[RECORDS FOR PROCESSING]

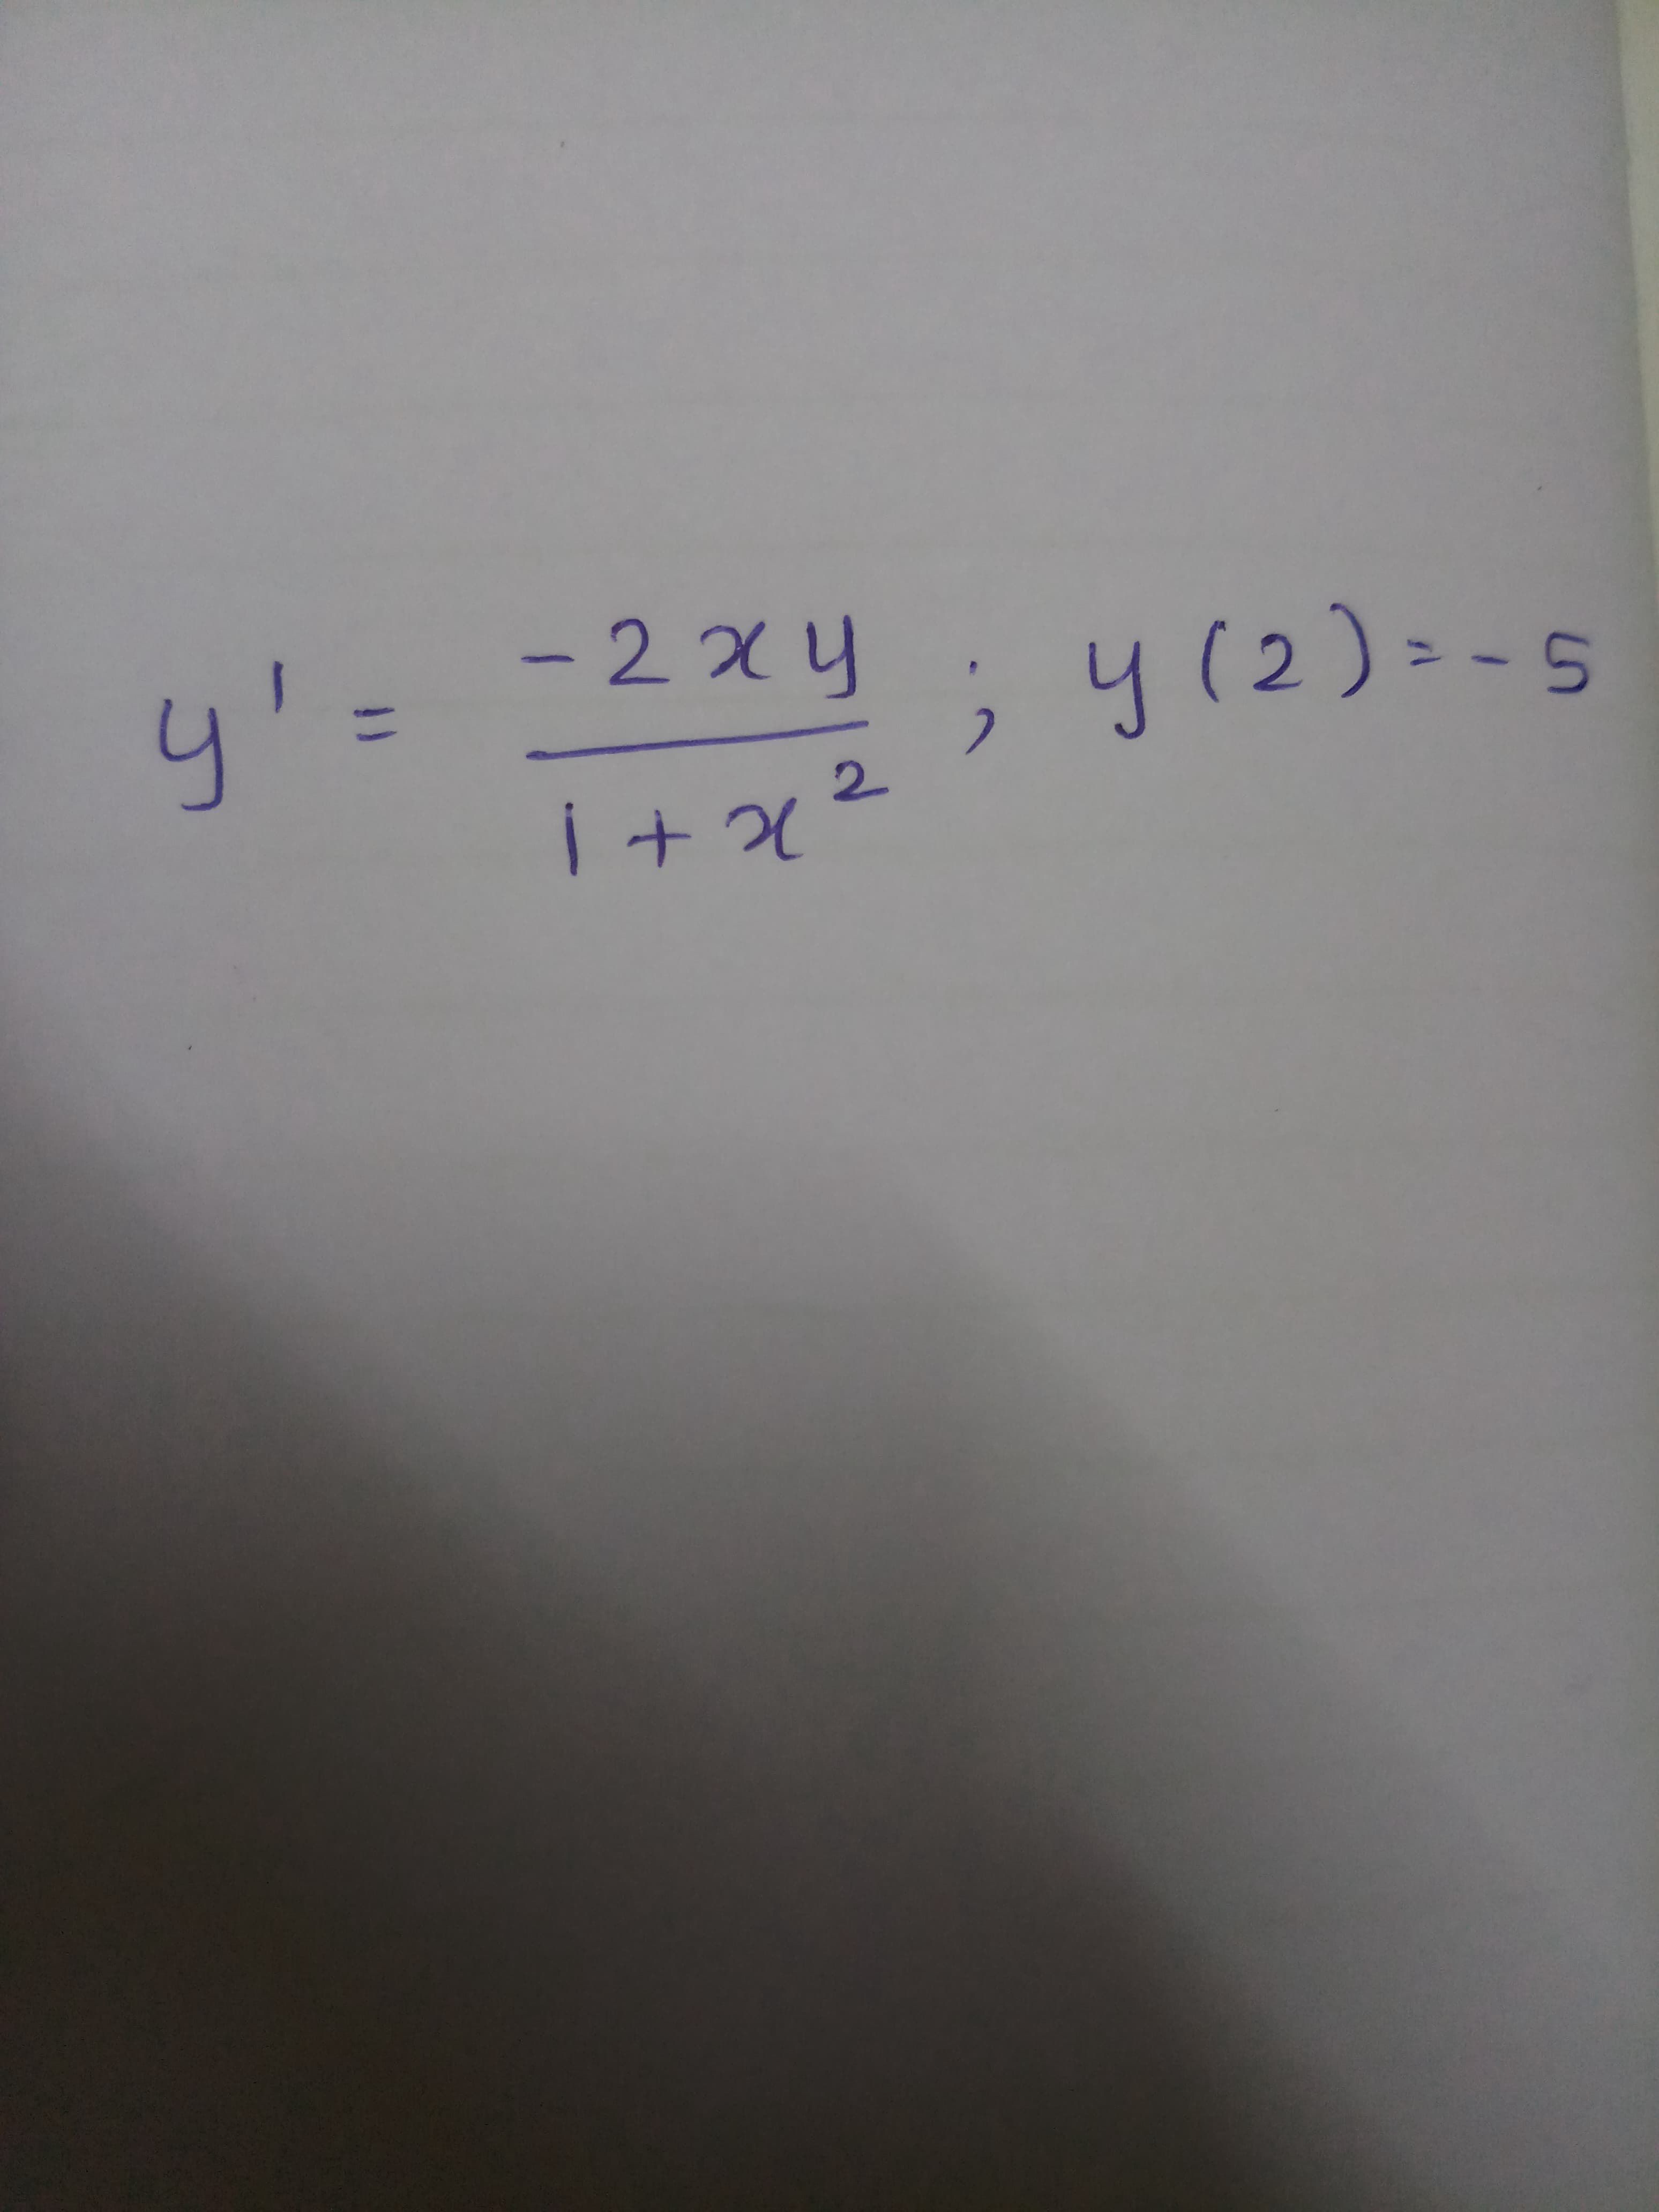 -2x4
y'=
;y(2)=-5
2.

[/RECORDS FOR PROCESSING]
[RECORDS FOR PROCESSING]

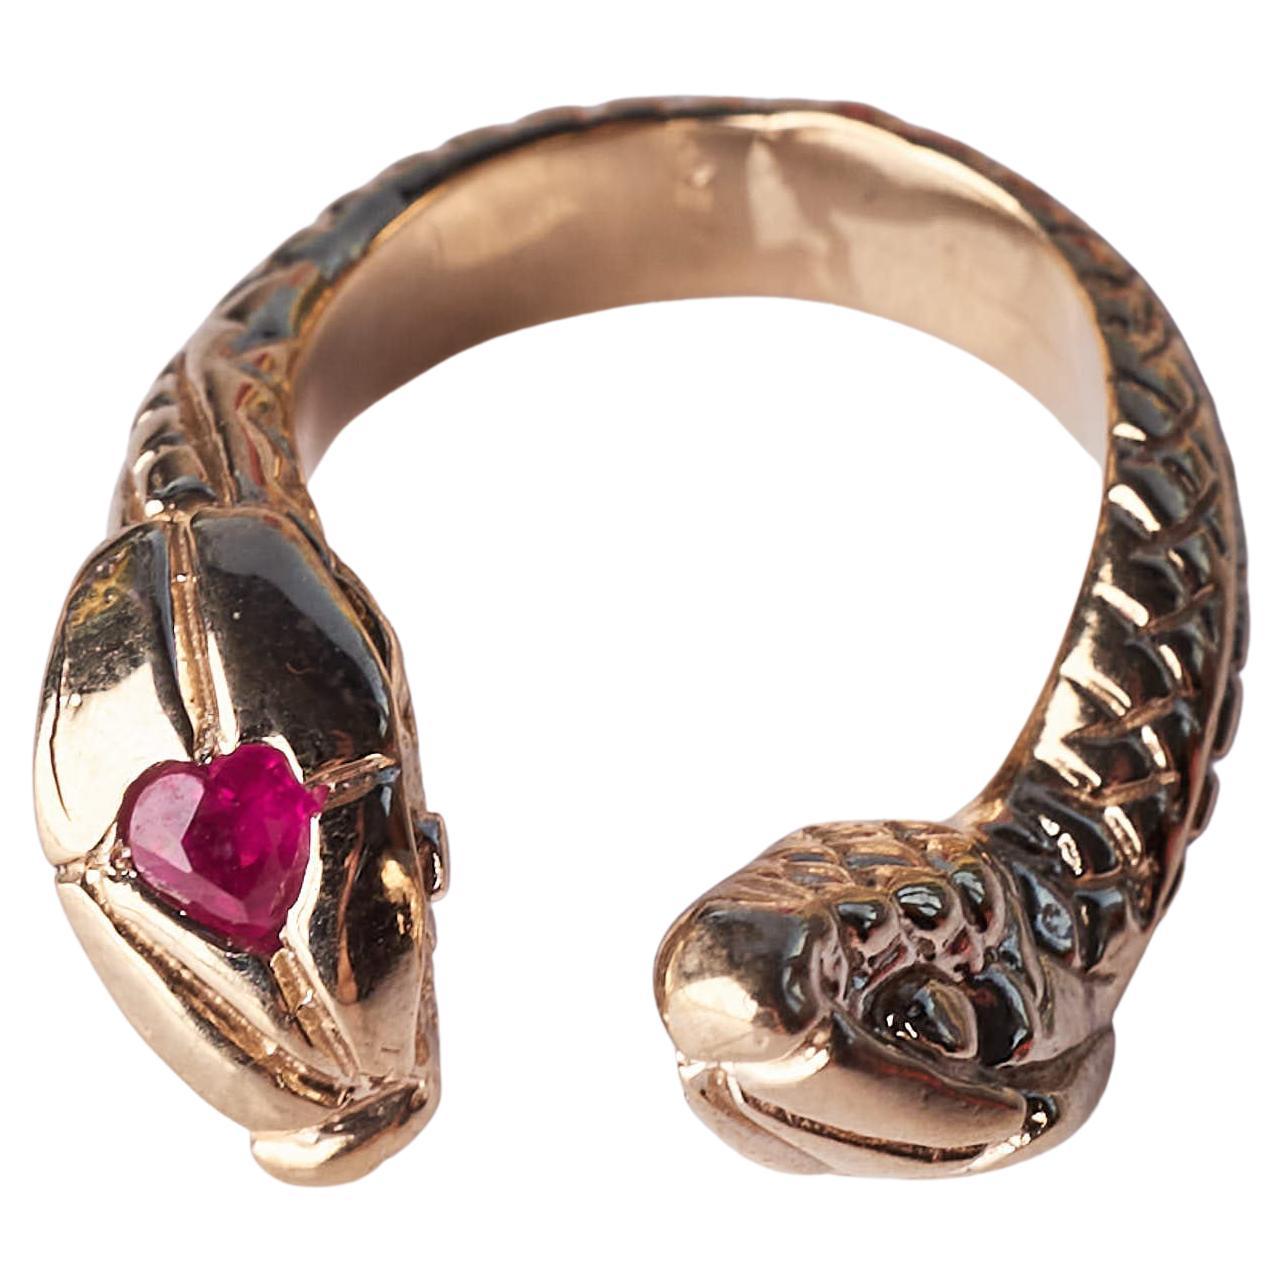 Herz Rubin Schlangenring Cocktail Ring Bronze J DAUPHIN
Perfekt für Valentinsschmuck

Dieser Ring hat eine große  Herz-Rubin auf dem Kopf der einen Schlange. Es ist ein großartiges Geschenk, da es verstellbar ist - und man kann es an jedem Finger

[/RECORDS FOR PROCESSING]

Retype, in the same exact form, the lines of the material above from the line holding "Perfekt für Valentinsschmuck" through the line holding "Dieser Ring hat".

- EXPECTED ANSWER -
Perfekt für Valentinsschmuck

Dieser Ring hat eine große  Herz-Rubin auf dem Kopf der einen Schlange. Es ist ein großartiges Geschenk, da es verstellbar ist - und man kann es an jedem Finger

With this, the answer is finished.